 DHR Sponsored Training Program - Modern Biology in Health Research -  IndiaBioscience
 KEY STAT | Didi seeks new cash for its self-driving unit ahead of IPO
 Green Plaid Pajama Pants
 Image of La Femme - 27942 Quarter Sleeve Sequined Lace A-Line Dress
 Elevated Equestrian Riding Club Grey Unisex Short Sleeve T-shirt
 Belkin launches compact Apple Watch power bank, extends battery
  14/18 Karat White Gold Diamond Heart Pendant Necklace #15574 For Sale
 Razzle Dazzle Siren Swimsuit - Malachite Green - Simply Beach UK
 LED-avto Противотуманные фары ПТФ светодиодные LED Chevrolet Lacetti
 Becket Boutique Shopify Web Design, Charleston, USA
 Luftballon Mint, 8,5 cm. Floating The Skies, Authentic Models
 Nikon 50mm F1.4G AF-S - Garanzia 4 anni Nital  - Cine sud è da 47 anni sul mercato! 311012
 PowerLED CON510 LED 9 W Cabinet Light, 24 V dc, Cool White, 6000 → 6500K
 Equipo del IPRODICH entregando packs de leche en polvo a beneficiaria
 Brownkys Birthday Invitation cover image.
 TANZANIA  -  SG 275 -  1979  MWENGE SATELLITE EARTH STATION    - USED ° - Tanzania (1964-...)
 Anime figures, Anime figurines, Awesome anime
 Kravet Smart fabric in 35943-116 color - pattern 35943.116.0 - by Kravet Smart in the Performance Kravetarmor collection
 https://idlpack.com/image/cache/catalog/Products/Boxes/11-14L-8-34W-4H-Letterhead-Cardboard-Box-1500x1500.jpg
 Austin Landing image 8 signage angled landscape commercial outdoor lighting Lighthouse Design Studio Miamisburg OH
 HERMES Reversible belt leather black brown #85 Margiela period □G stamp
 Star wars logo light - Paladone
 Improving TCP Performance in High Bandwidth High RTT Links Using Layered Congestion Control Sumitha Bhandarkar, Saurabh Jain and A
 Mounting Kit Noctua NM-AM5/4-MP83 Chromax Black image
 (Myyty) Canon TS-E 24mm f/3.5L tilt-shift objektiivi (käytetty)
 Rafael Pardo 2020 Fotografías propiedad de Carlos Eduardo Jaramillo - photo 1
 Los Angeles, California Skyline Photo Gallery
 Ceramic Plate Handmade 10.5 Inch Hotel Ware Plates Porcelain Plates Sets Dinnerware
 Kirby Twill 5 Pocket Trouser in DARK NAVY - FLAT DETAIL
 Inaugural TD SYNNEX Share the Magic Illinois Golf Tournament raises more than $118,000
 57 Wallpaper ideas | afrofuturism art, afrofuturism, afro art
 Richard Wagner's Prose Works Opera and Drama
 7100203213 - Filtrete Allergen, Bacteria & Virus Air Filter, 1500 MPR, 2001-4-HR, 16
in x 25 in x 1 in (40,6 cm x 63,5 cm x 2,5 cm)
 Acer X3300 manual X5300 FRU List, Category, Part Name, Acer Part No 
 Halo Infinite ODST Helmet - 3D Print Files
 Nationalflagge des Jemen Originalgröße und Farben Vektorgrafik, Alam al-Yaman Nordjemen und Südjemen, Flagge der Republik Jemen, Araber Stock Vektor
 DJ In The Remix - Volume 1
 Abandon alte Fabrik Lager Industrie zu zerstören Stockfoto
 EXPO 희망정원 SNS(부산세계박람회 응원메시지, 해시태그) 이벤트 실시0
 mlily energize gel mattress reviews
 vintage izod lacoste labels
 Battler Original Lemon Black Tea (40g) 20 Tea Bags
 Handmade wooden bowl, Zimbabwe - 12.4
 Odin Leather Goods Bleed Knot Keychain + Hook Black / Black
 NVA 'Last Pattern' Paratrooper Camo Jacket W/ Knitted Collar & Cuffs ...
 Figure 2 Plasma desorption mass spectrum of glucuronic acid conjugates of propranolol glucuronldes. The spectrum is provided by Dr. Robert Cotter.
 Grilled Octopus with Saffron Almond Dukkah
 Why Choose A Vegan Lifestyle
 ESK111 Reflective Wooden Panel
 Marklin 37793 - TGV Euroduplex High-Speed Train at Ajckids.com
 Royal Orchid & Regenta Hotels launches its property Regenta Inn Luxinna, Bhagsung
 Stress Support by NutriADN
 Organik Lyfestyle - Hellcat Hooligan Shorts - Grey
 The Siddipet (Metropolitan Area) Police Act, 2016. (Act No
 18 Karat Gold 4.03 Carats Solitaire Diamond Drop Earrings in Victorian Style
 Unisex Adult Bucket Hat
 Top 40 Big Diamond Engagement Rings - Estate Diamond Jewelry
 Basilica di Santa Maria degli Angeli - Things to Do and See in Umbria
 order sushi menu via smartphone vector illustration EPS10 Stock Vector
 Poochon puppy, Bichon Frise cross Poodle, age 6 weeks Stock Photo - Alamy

• _What is expected_:
Each line above that holds the string "launches" should be copied and shown.

• _Problem solution_:
 Belkin launches compact Apple Watch power bank, extends battery
 Royal Orchid & Regenta Hotels launches its property Regenta Inn Luxinna, Bhagsung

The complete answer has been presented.